Иногда Ника куда-то исчезала, оставляя его на Мусю. У нее это называлось – делать дела. Когда возвращалась, приносила еду. Датчанин корил себя за долгий отдых – надо было вставать на ноги и расплачиваться за ее гостеприимство.
Он уже иногда выходил из палатки – размяться. Как-то столкнулся с Кармен.
– Надо же, оклемался, – приветствовала она его. – Ну, как разбогатеешь – заходи.
– Посмотрим, – буркнул он.
– Те чё, обиделся, что ли? Ну прости, ты ж понимаешь – ничего личного. Работа не ждет.
– Ну, иди, работай, – кивнул он. – Перевыполняй норму.
Вскоре он почти совсем пришел в себя. Но одновременно начало возвращаться то противное сосущее ощущение пустоты, когда казалось, что чего-то не хватает. Датчанин знал это ощущение и боялся его. Он-то думал, что с прежней зависимостью покончено навсегда. Но теперь оказывалось, что нет.
И один раз он не выдержал. Нашел знакомого поставщика и в долг попросил у него дозу. На душе сразу полегчало, внутри стало тепло. «В сущности, все складывается неплохо, – думал он. – Не сегодня – завтра пойду наверх, потом рассчитаюсь с девочкой. А дальше… а дальше посмотрим».
Но когда Ника увидела его таким – благодушным, с расширенными зрачками, – она в отчаянии разрыдалась. Она таких повидала немало и знала, чем рано или поздно кончают те, кто подсел на «веселые» грибочки.

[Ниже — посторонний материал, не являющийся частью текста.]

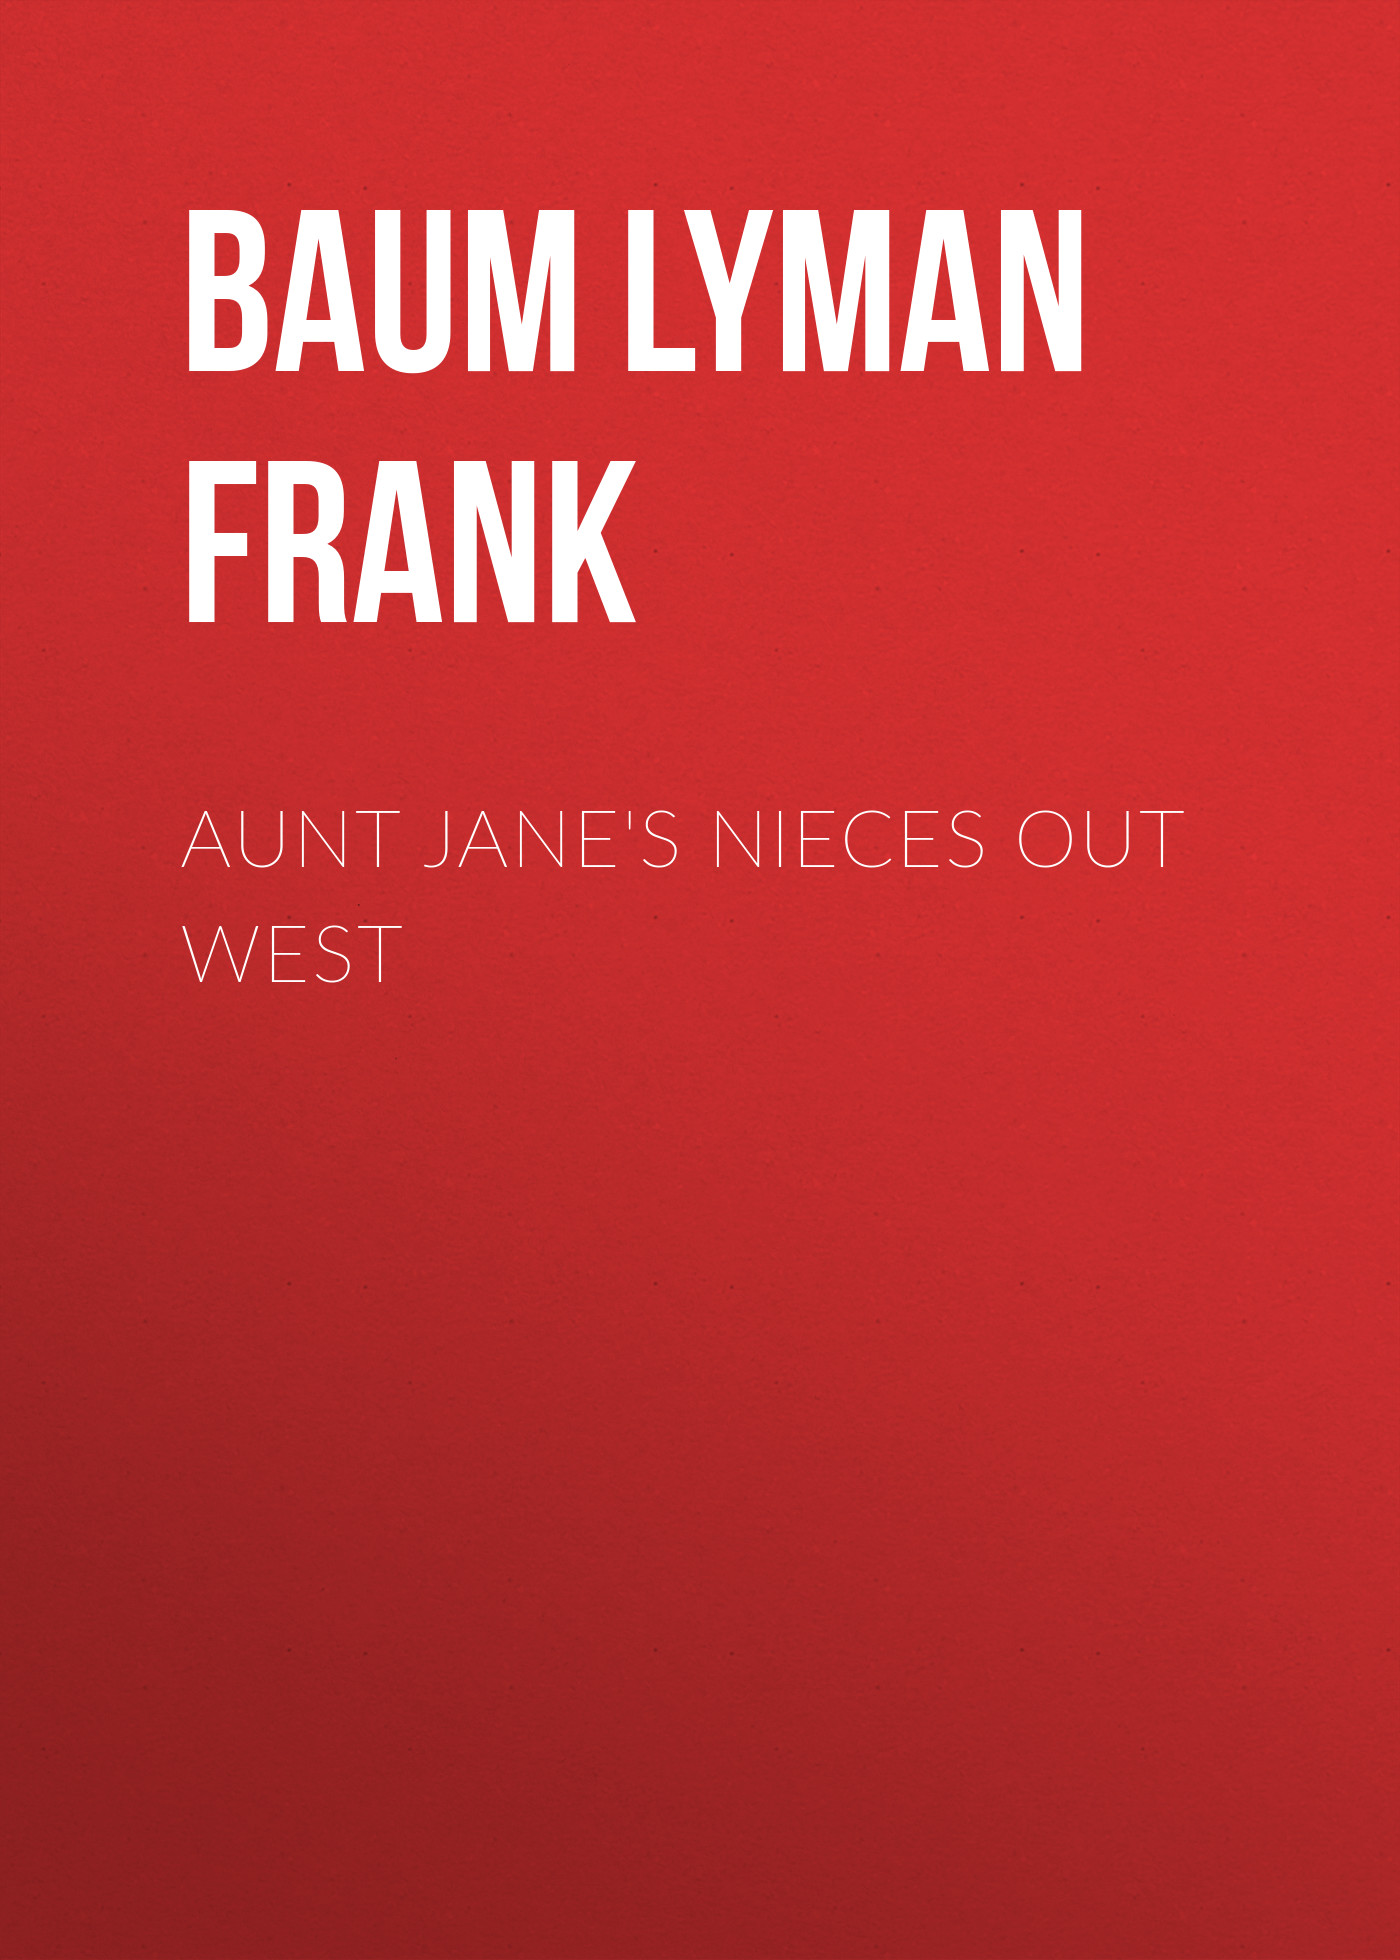 Книга Aunt Jane's Nieces out West из серии , созданная Lyman Baum, может относится к жанру Зарубежная старинная литература, Зарубежная классика. Стоимость электронной книги Aunt Jane's Nieces out West с идентификатором 25019067 составляет 0 руб.

– Что ты сделал? Как ты мог? – кричала она. – Травница сказала, что если ты месяц выдержишь без грибов, то больше их не захочешь! Тебе надо было продержаться совсем немного!
Честно говоря, для Ники месяц был очень относительным временным понятием. Она пыталась считать дни, рисуя палочки угольком на листочках, но листочки то и дело терялись, и она сама точно не знала, сколько прошло времени с тех пор, как она первый раз дала сталкеру настой Оксы. Знала только, что месяц – это очень долго.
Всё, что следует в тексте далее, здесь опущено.